I am a Health, Life and Long Term Care Insurance Broker and have encouraged prospective clients to look into MSAs and now HSAs forever.
They truly are very cost effective catastrophic plans. Great for those folks who rarely see their doctor or are not on maintenance scripts. It should be the program of choice for the under 30 crowd. Now, having free ( but, nothing really free is it? ) annual exams the HSAs ARE the go-to program.
Being PPO, they give the consumer the opportunity to SHOP for their care.
What a novel notion in the 'Free Market'.

But, yes, the Fascists in DC just can't allow them to compete with the Dear Leader's ACA.

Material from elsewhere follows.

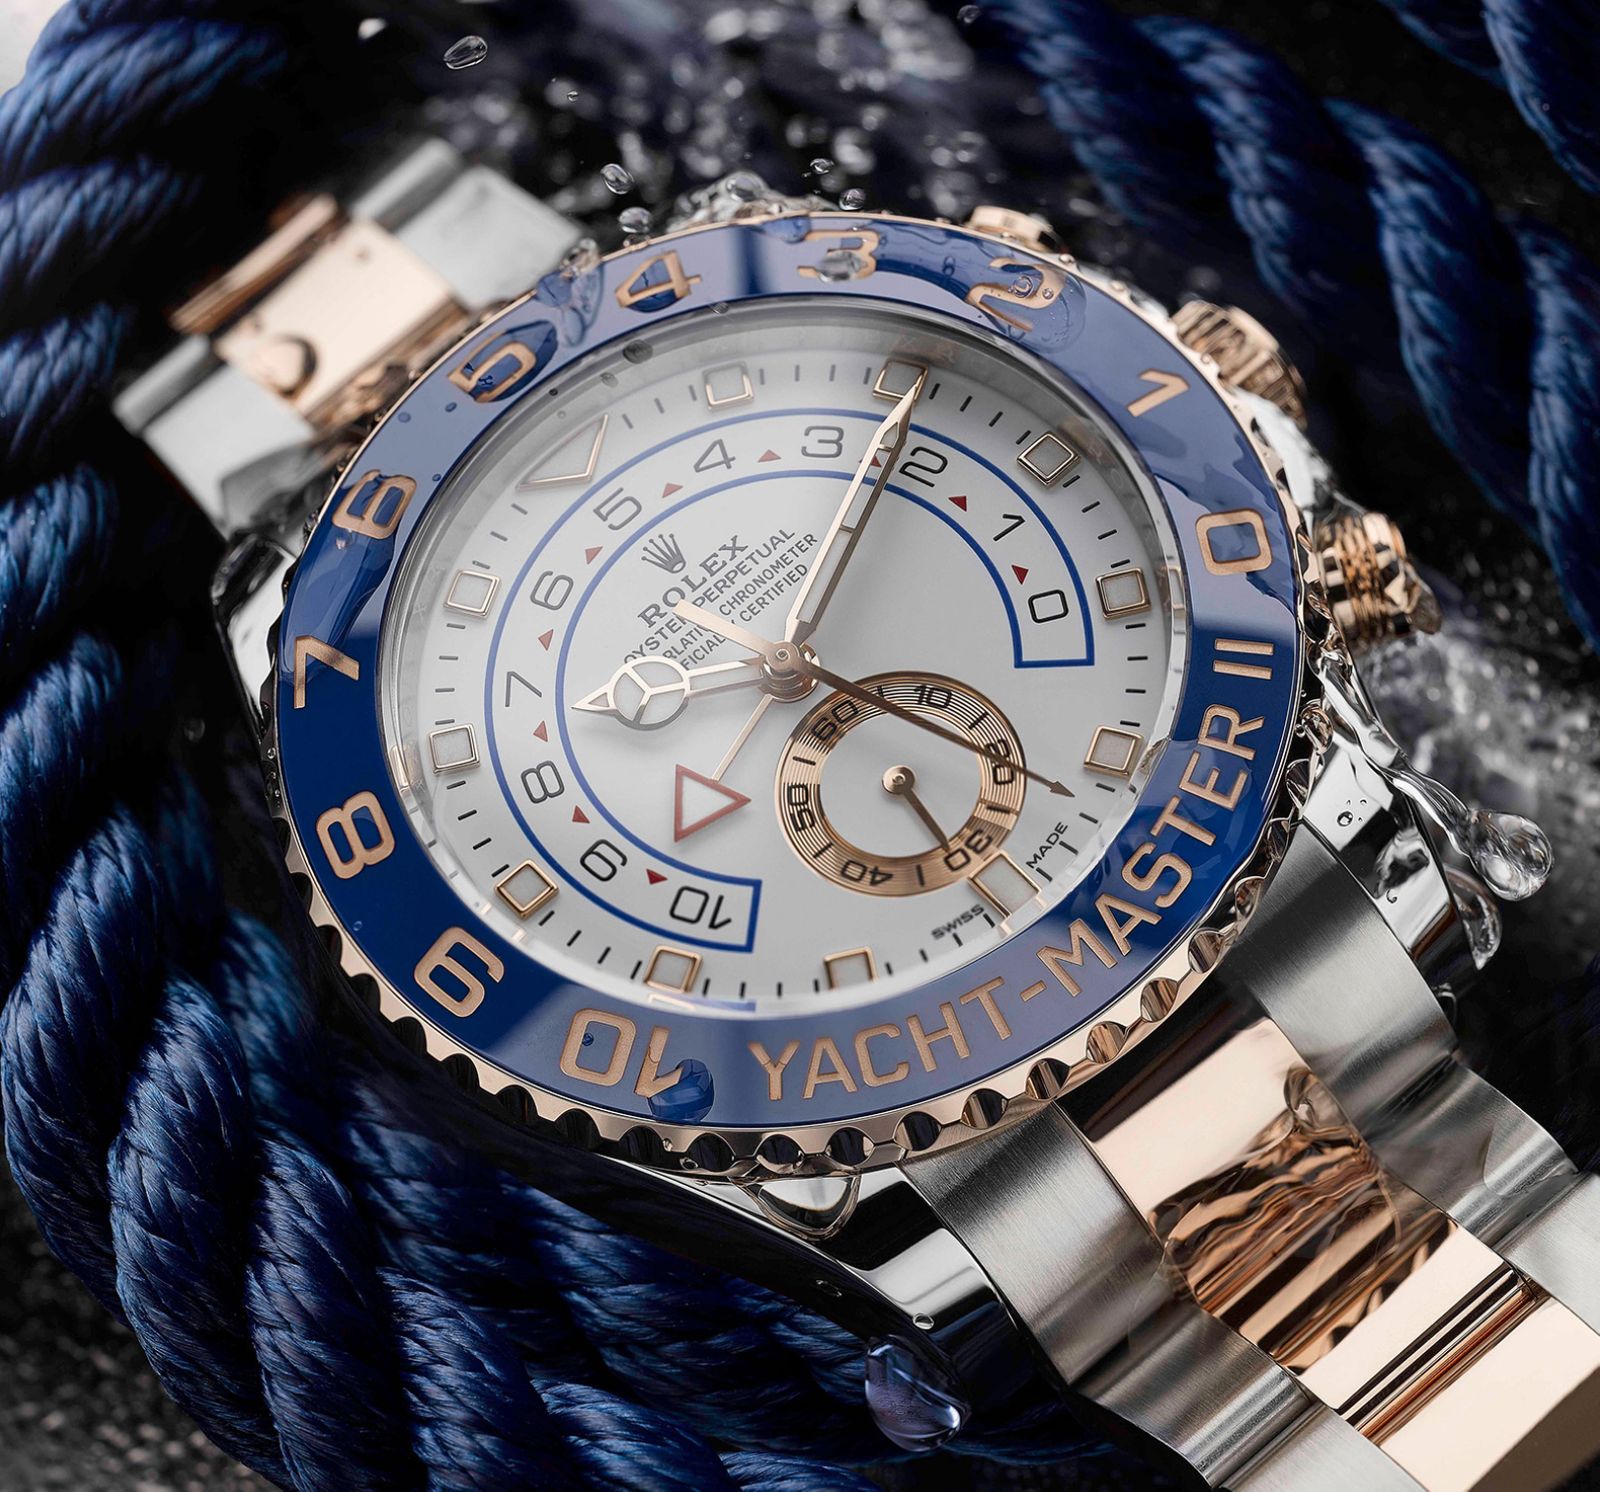 Why There Might Be a New Rolex Yacht-Master II This Year

Monday, January 21, 2013 at 9:40 AM

Eleanor in AK said:

Under the Affordable Care Act, based on "science", certain procedures will be denied for specific groups under certain conditions. This allows the average life expectancy to decline, saving all sorts of money on medicare and social security. For example, assume the average life expectancy for men is 75 and women is 78. After age 75, men would not be allowed to have prostate screening. After age 78, women would not receive pap smears or mamograms. Since it takes about 20 years to die of liver failure, screening for Hep A, B, or C would be prohibited after age 55 for men and 58 for women. Access to colonoscopy is currently restristed because the risk of punchure increases as the skin thins. A person discharged from the hospital may not be readmitted for two weeks, which is plenty of time to die from MRSA infections acquired during the hospital stay. This is just the beginning of limited access to care. Eventually, anyone not working wiill be denied routine health screenings. The annual physical will be a benefit of being rich, because only someone with cash will be able to afford it.
The push back will come from Big Pharma who have spent billions developing drugs to treat Alzheimer's, high cholestrol and high blood pressure medications. Although they colluded with Congress to pass this bill, they are going to be very surprised to find demand for their products declining. Today, many doctors are willing to see medicare and medicaid patients because the reimbursement rates are so low. Who will prescribe the pills if doctors won't?

Monday, January 21, 2013 at 3:31 PM

Tod the tool guy in brooklyn ny said:

Health Care in the private arena has done well, only increasing in cost by 3.9% over the last two years. The PPACA 2010 will be a Marx/engels TRAIN WRECK-completely off the rails! FOWARD KOMRADZ!!